Tensorrt inference runs slower in RTX4090 than RTX 3090 Ti


Recently we are trying to test RTX4090 by running yolov5 tensorrt int8 model engine, and found out the inference speed slower than RTX 3090 Ti, we can’t figure out what’s wrong with it, I want to know which TensorRT version begins to support RTX 4090 ?

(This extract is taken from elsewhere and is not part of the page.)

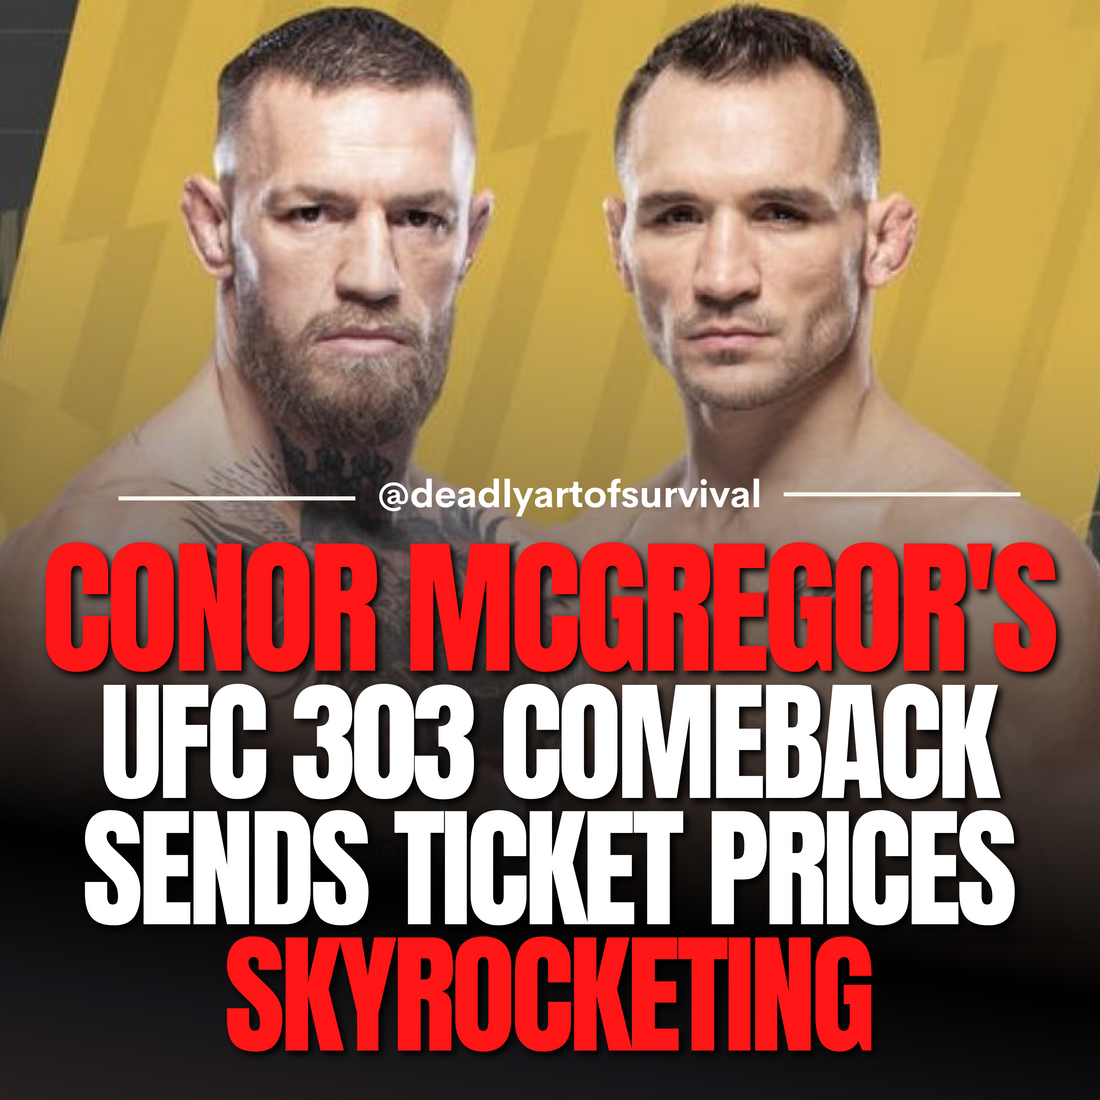 Conor-McGregor-s-UFC-303-Comeback-Sends-Ticket-Prices-Skyrocketing deadlyartofsurvival.com

TensorRT Version: TensorRT-
GPU Type: RTX 4090
Nvidia Driver Version: 522.06 DCH/win10 64
CUDA Version: 11.8
CUDNN Version: 8.6.0
Operating System + Version: Win10
Python Version (if applicable):
TensorFlow Version (if applicable):
PyTorch Version (if applicable):
Baremetal or Container (if container which image + tag):

Relevant Files

Please attach or include links to any models, data, files, or scripts necessary to reproduce your issue. (Github repo, Google Drive, Dropbox, etc.)

Steps To Reproduce

Please include:

  • Exact steps/commands to build your repro
  • Exact steps/commands to run your repro
  • Full traceback of errors encountered

Hi, Please refer to the below links to perform inference in INT8


thanks for your quick response , but my question is that I can run int8 engine successfully, but the speed seems not expected faster than 3090 Ti, which TensorRT version supports 4090 gpu card better ?


Could you please share with us the ONNX model and both complete verbose logs for better debugging.

Thank you.